Setelah opening memukau itu, Sono mengajak penonton berkenalan dengan satu per satu gang yang menguasai Tokyo. Tentu saja masing-masing dari mereka dipresentasikan lewat adegan musikal kental nuansa "gansgta". Cukup asik, tapi tidak ada yang spesial. Mereka memperkenalkan diri sebagai yang terhebat dan paling berkuasa sambil Sono sibuk men-tease bahwa akan terjadi perang epic diantara mereka sebagai klimaks film. Saya masih antusias. Tapi kemudian setelah perkenalan yang seolah tanpa ujung ini, kisahnya semakin bergerak tidak karuan. Sang sutradara terlihat penuh ambisi dalam mengemas ceritanya, tapi ia sendiri seolah tidak tahu bagaimana merangkai semuanya, diluar naskah yang memang berantakan. Saya tidak akan berharap naskah serius dari Sono, tapi jelas berharap sesuatu yang jenius. Cerita-cerita tulisannya seolah tidak pernah berbobot, tapi sesungguhnya punya kedalaman kompleks yang menarik diikuti, entah itu melalui satir, kompleksitas karakter, sampai plot penuh twist. Lewat Tokyo Tribe, Sono berusaha merangkai alur koheren di tengah ketidak seriusannya bertutur. Cerita bergerak kesana kemari tak beraturan, karakter bermunculan dan bertingkah tanpa motif jelas, hingga saya pun seringkali tersesat, gagal mencerna apa plot film ini. 

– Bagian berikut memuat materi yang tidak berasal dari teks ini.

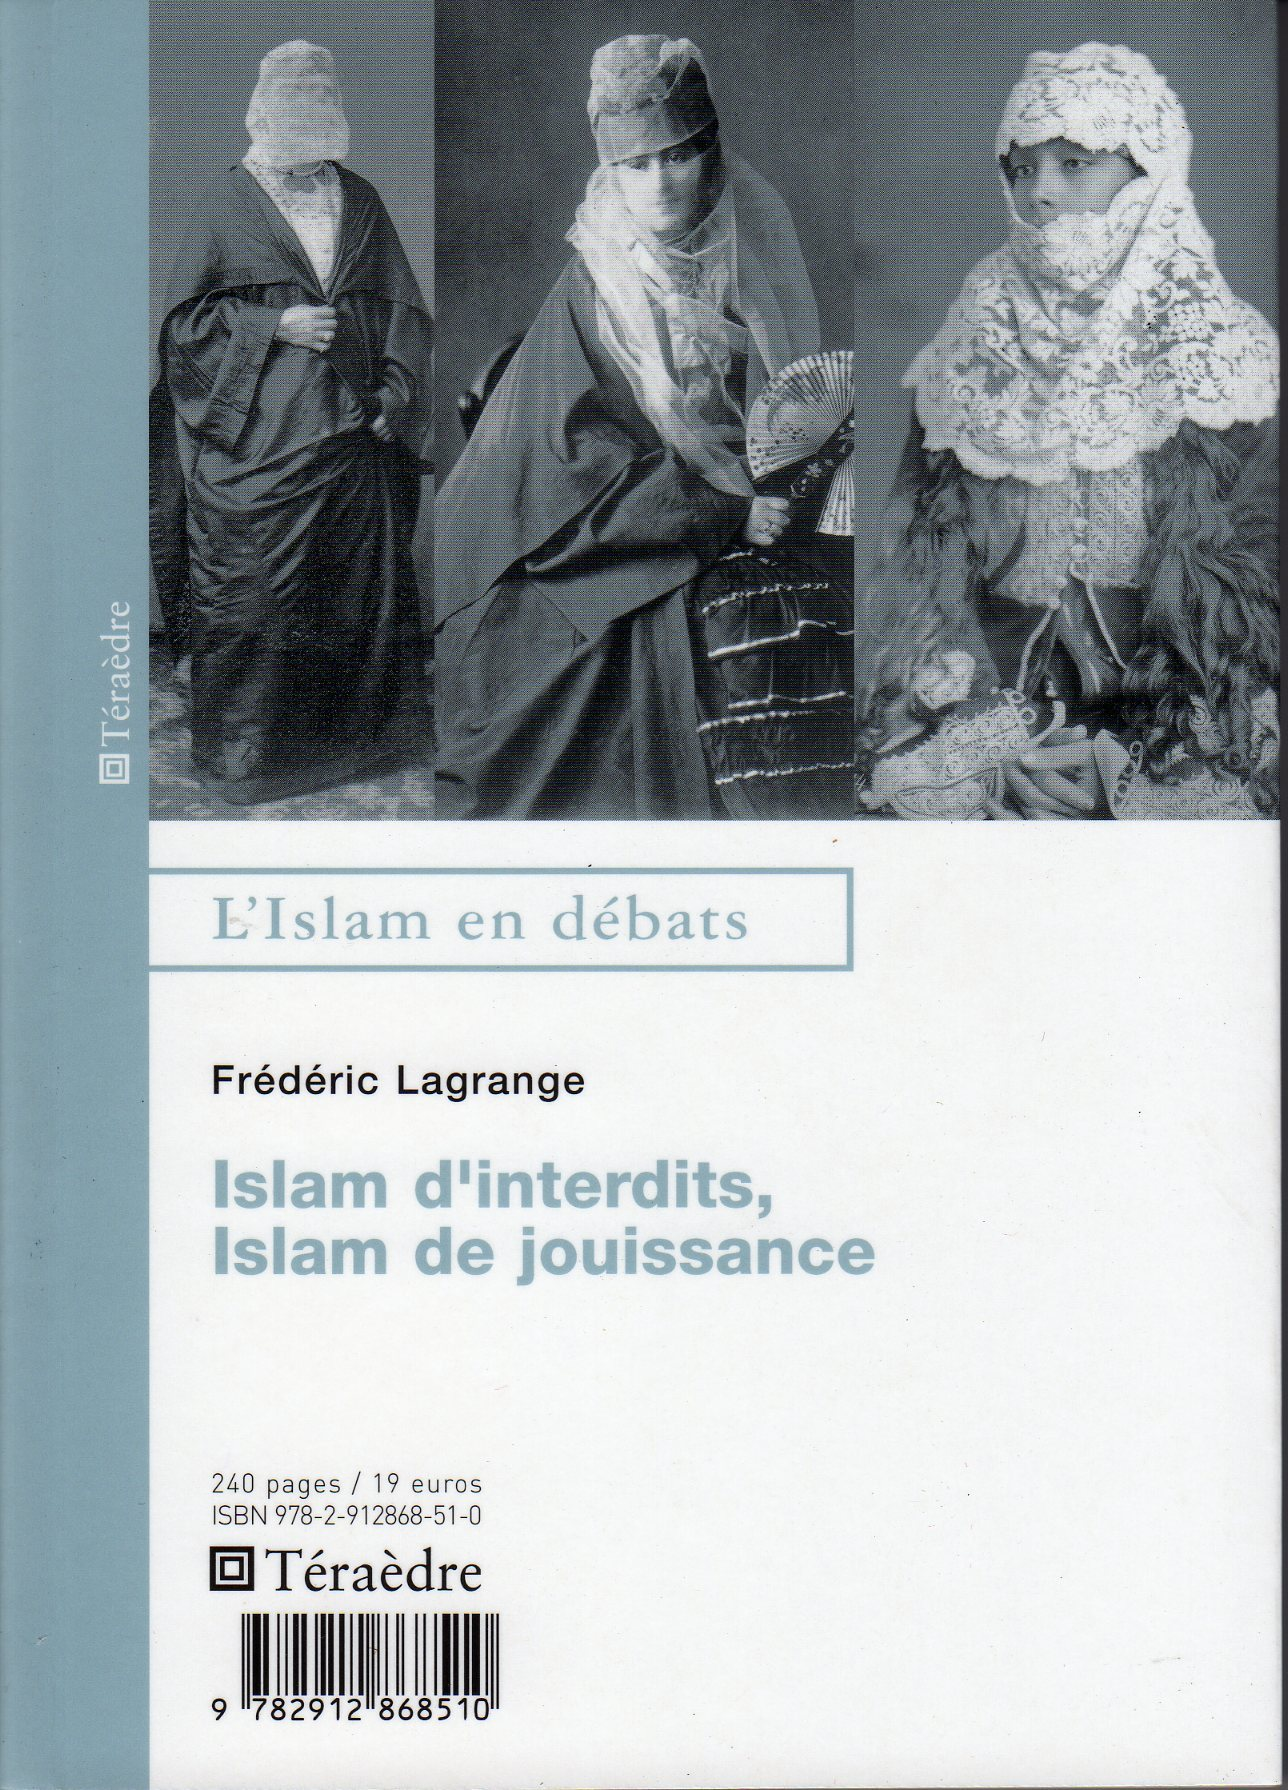 ISLAM D'INTERDITS ISLAM DE JOUISSANCE
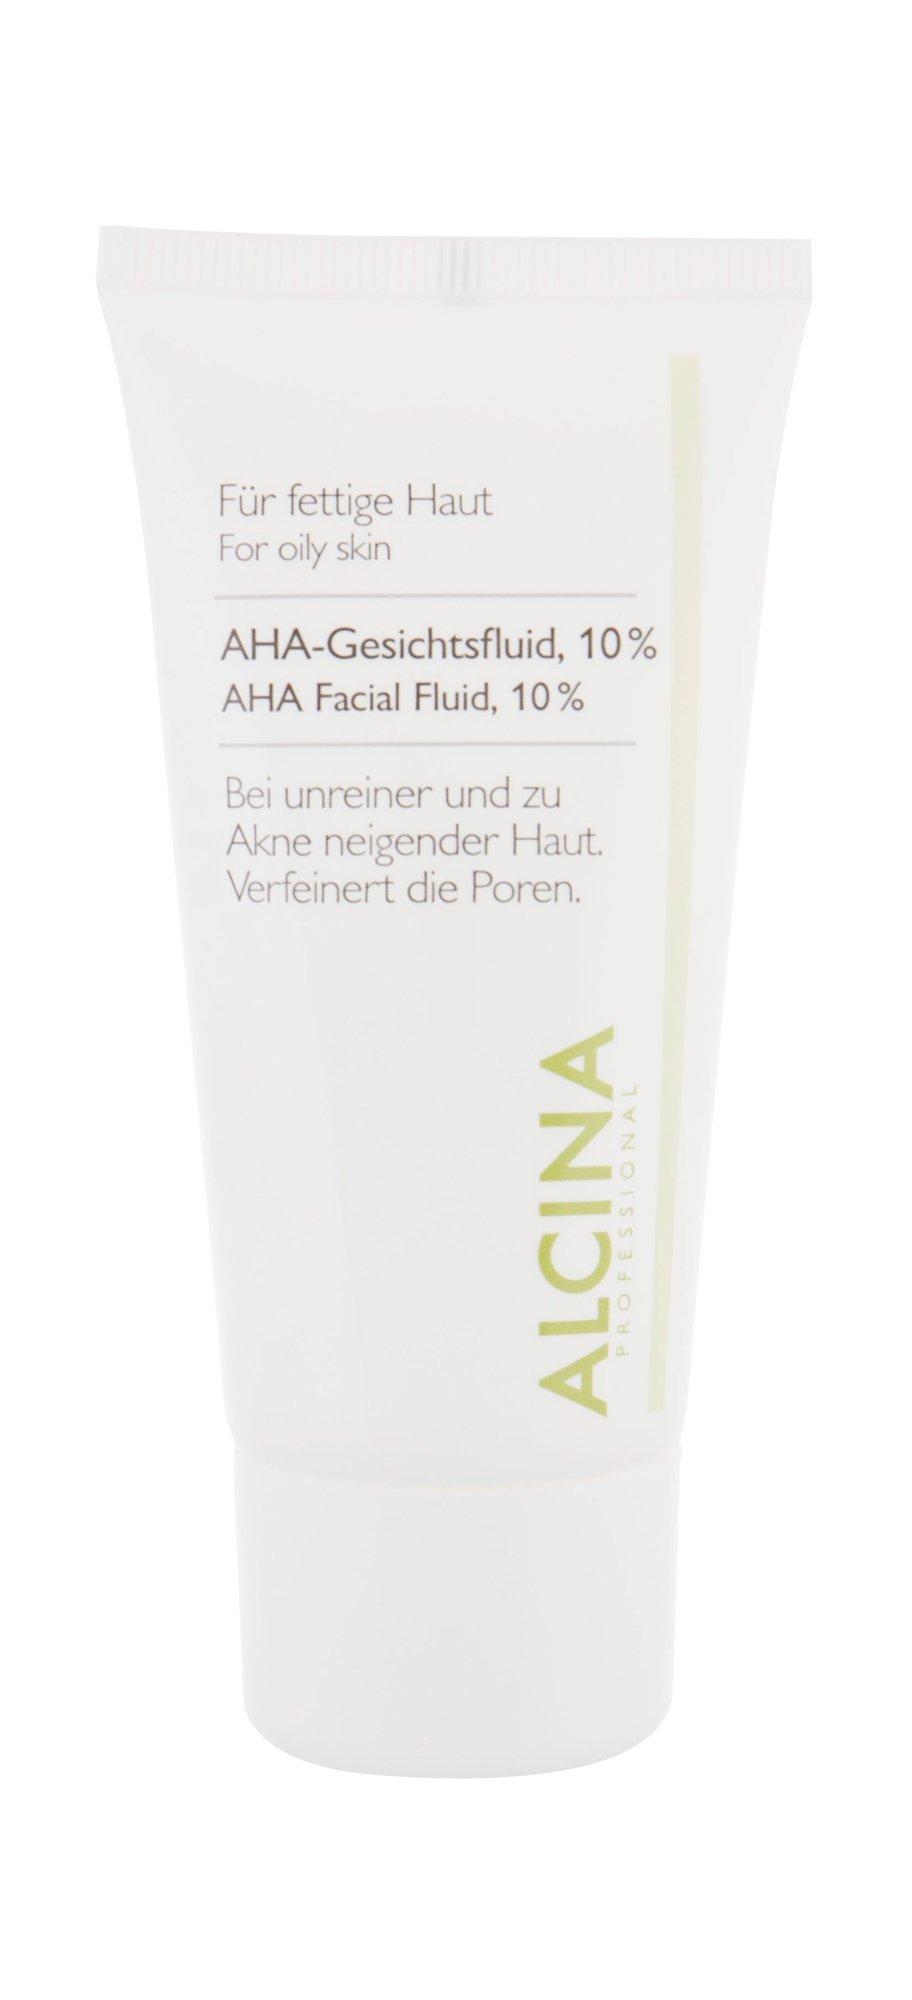 ALCINA For Oily Skin Night Skin Cream 50ml  AHA Facial Fluid, 10%
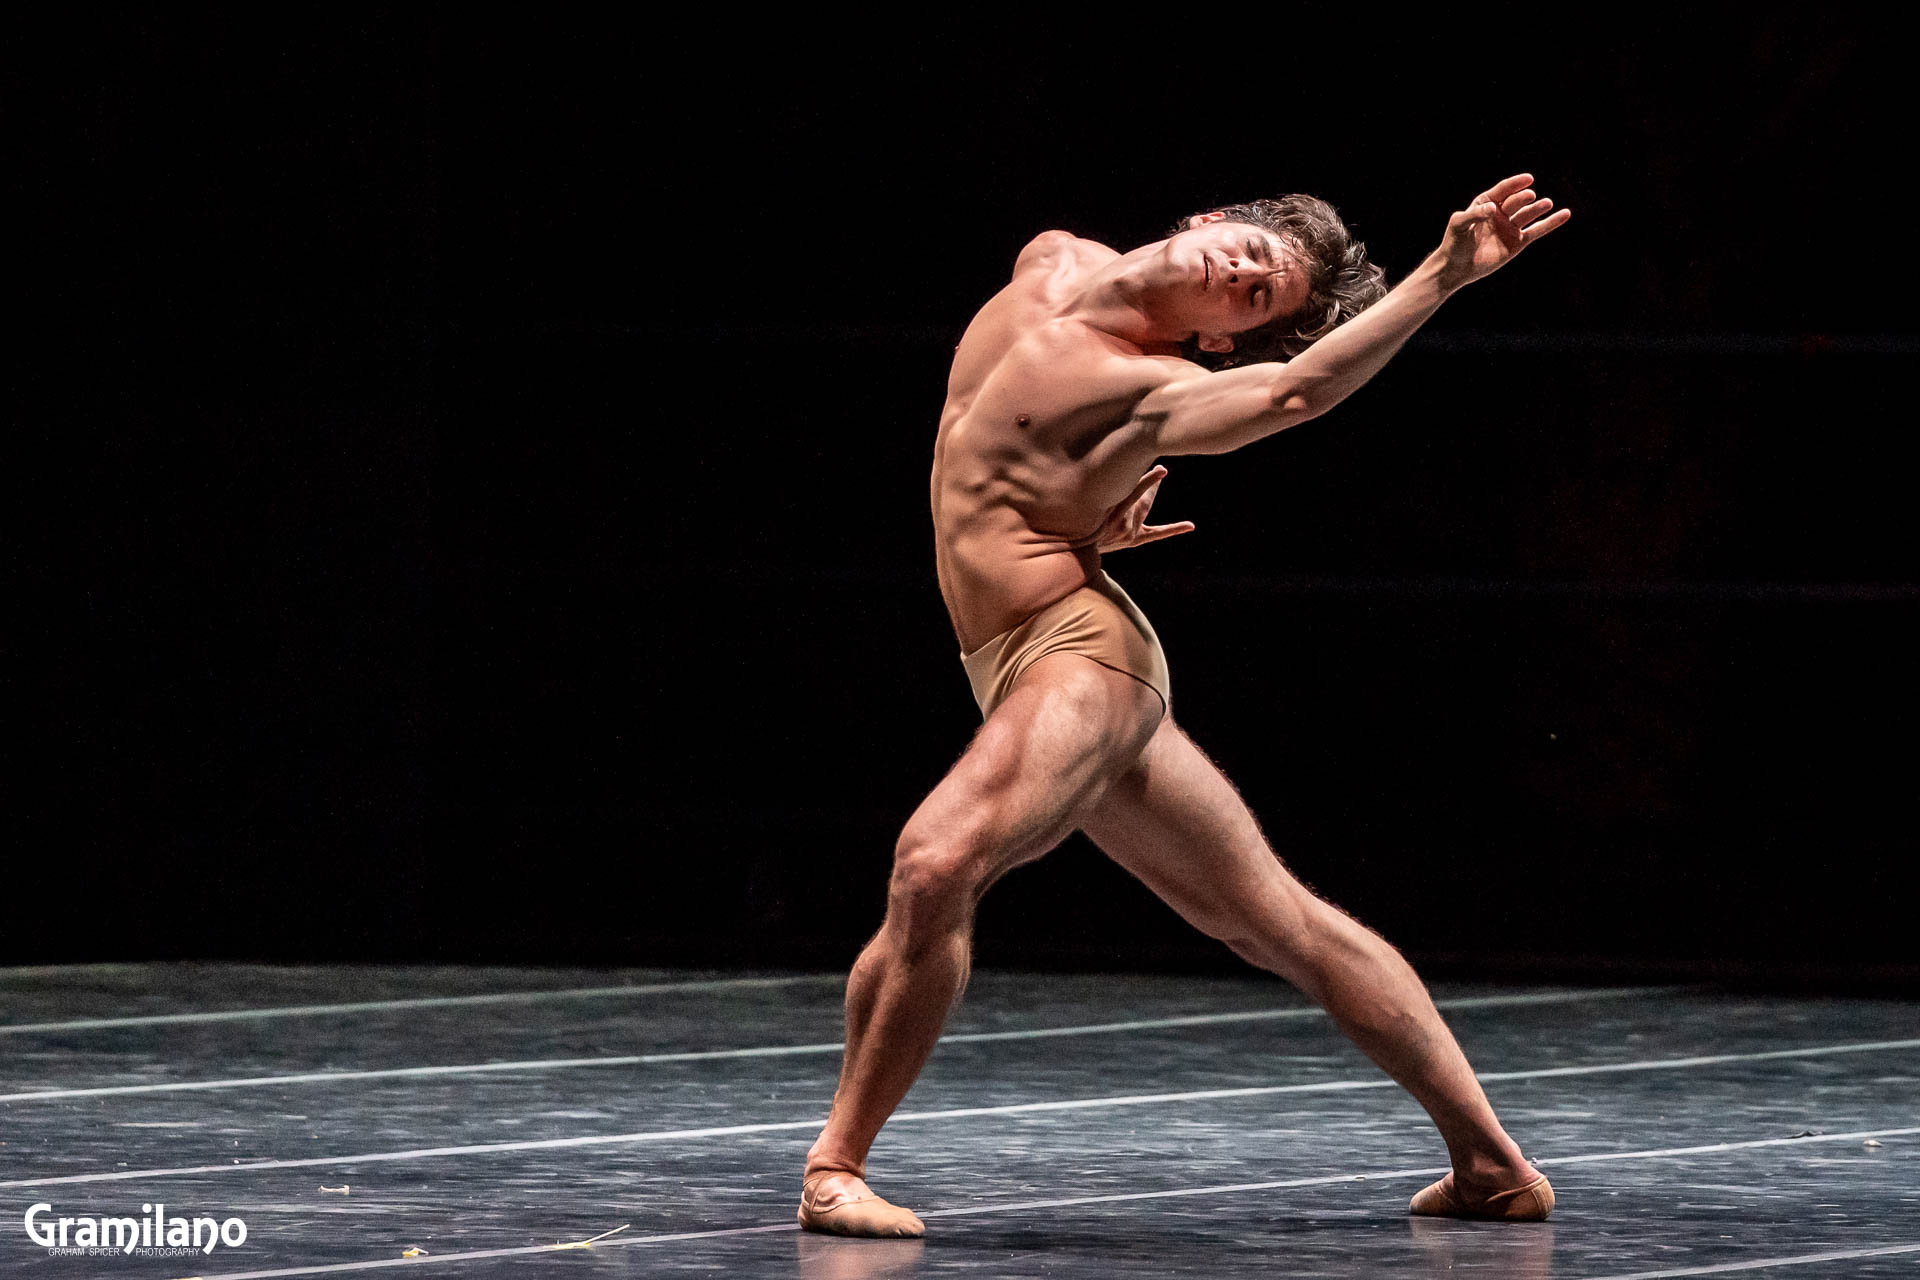 Sergio Bernal in Ricardo Cue's The Swan
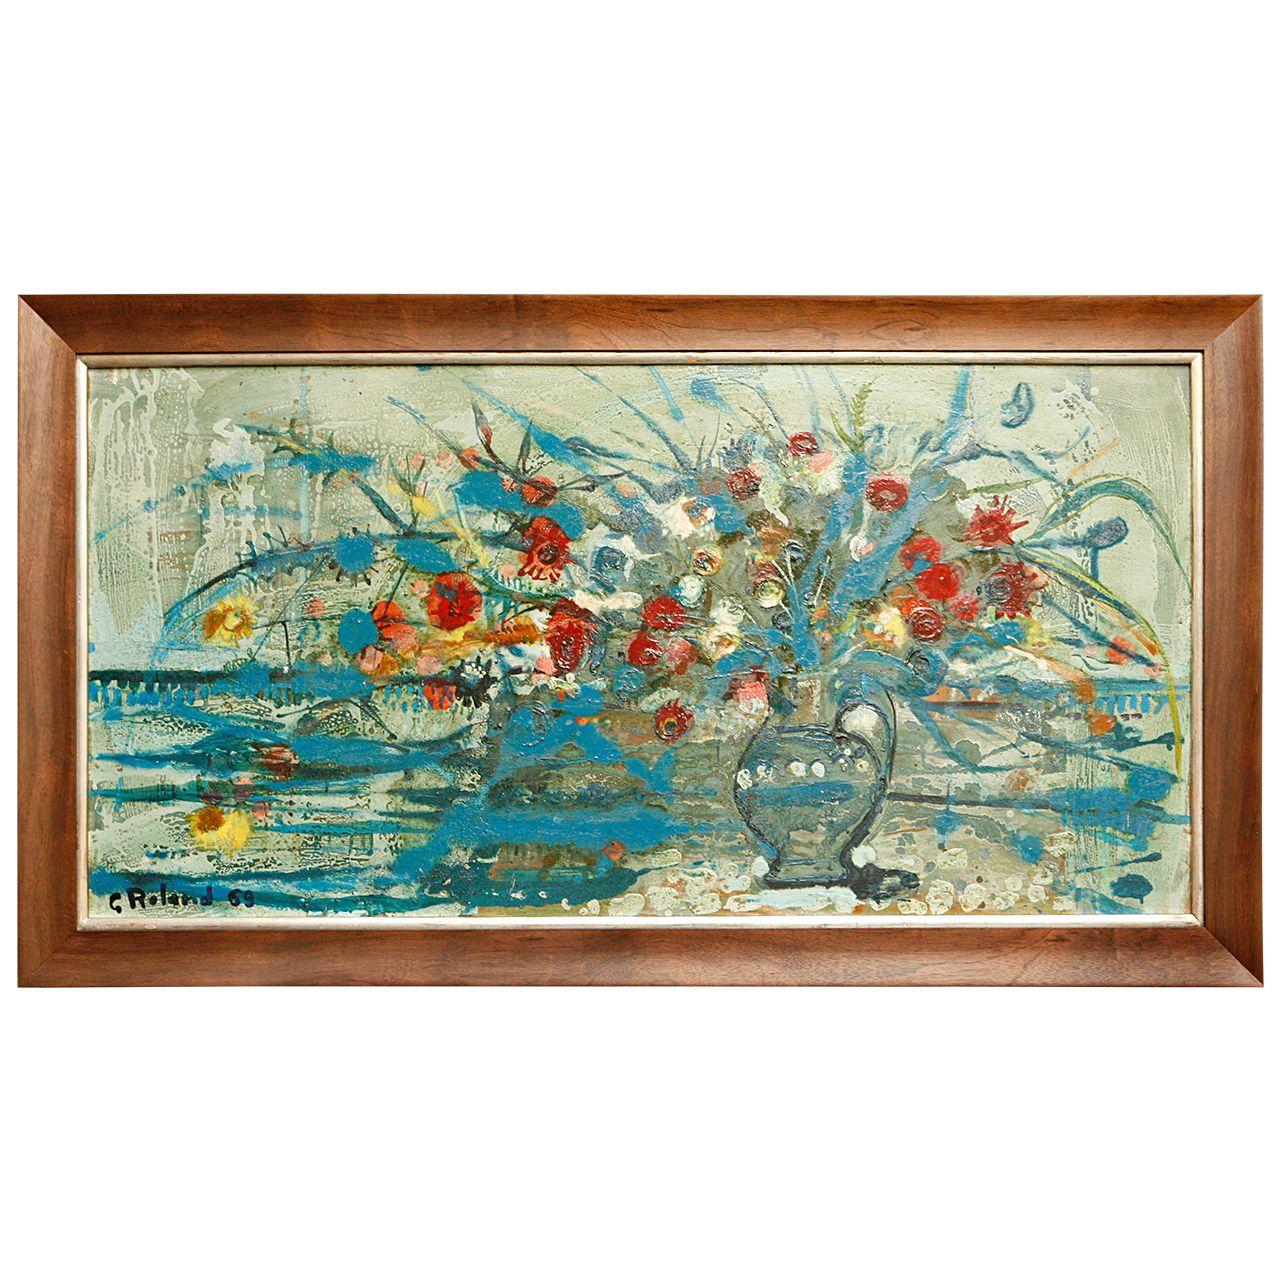 Modern Floral Still Life Painting, 1969 - http://bit.ly/1z7Q3hK
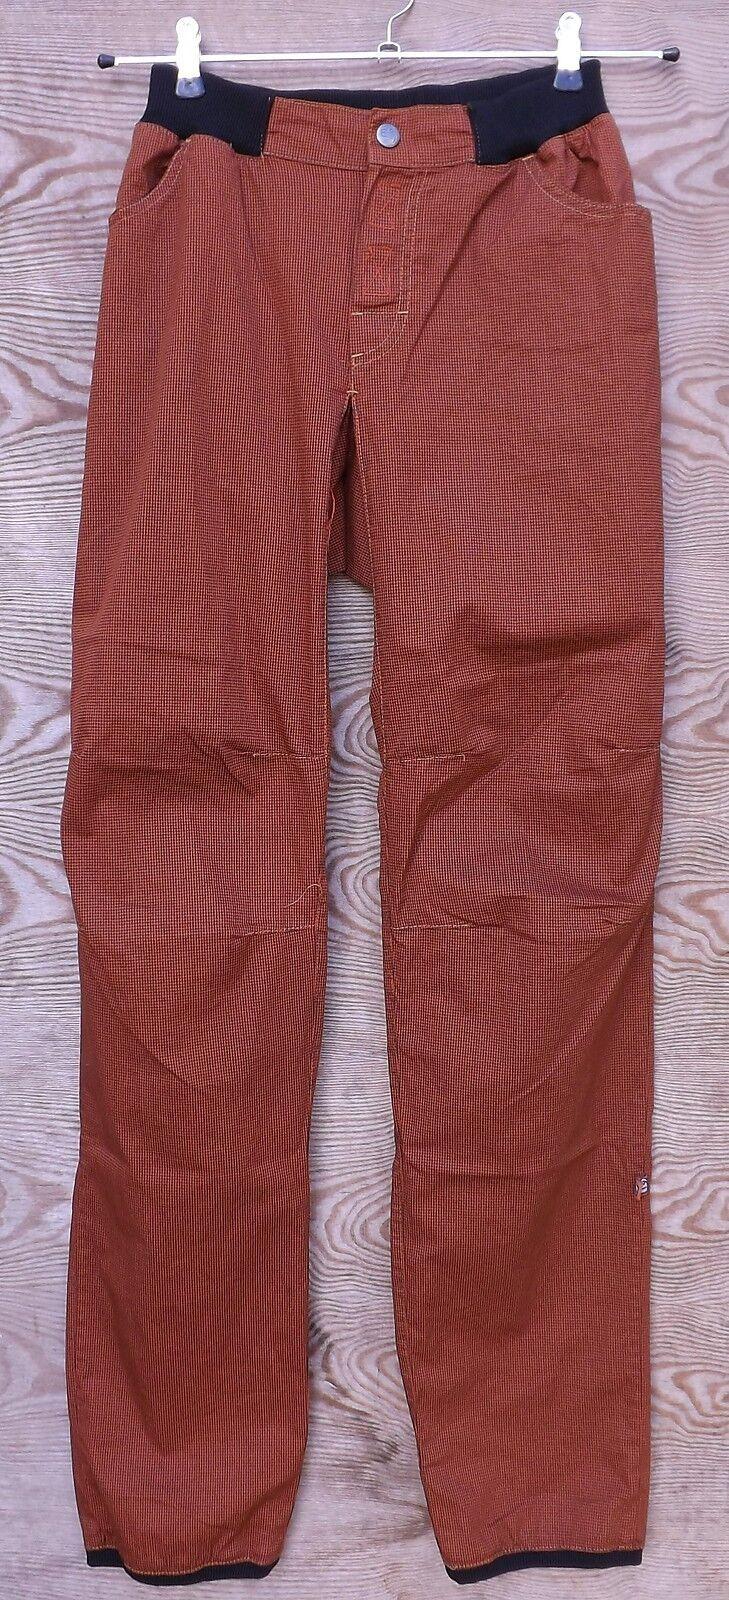 E9 Ligero Pantalones Para Escalar mon-10, NUEVO, ladrillo

Hingga akhirnya saya sadar film ini tidak punya plot. Apa yang dianggap oleh Sono sebagai cerita disini tidak lebih dari petikan masalah demi masalah yang tidak berkorelasi tapi coba disambung secara paksa menjadi satu. Hasilnya kekacauan luar biasa dalam artian buruk. Bahkan adegan pertarungan antar gang yang harusnya epic ikut kacau karena saya tidak tahu kenapa si "A" yang seharusnya rekan si "B" jadi saling bertarung, dan seterusnya. Ini tidak jauh berbeda dengan Transformers: Revenge of the Fallen-nya Michael Bay. Segala kebodohan seperti kesan absurd, karakter komikal, akting berlebihan, kekonyolan tidak pada tempatnya, dan keanehan lain yang biasanya jadi kekuatan film Sono, pada akhirnya justru terasa mengganggu. Biasanya saya berhasil tertawa oleh sisi absurd seorang Sion Sono, tapi kali ini saya justru malu sendiri. It's painful to watch. Rasanya seperti melihat seorang teman yang berusaha keras melakukan sesuatu di tengah keramaian yang sebenarnya ia sangat buruk dalam hal itu. Konten musikal hip-hop yang coba diangkat pun semakin tidak esensial dan menimbulkan pertanyaan kenapa Sono membuat hal ini. Padahal dari beberapa filmnya, Sono justru punya selera musik cenderung kearah musik klasik karya Handel, seperti penggunaan "Lascia ch'io pianga" dalam film ini atau "Sarabande"di Why Don't You Play in Hell? Kali ini Sion Sono tidak membuat film jelek yang jenius dan menyenangkan, karena Tokyo Tribe murni film jelek. Semakin mengecewakan dan menyedihkan karena Sion Sono merupakan salah satu sutradara favorit saya.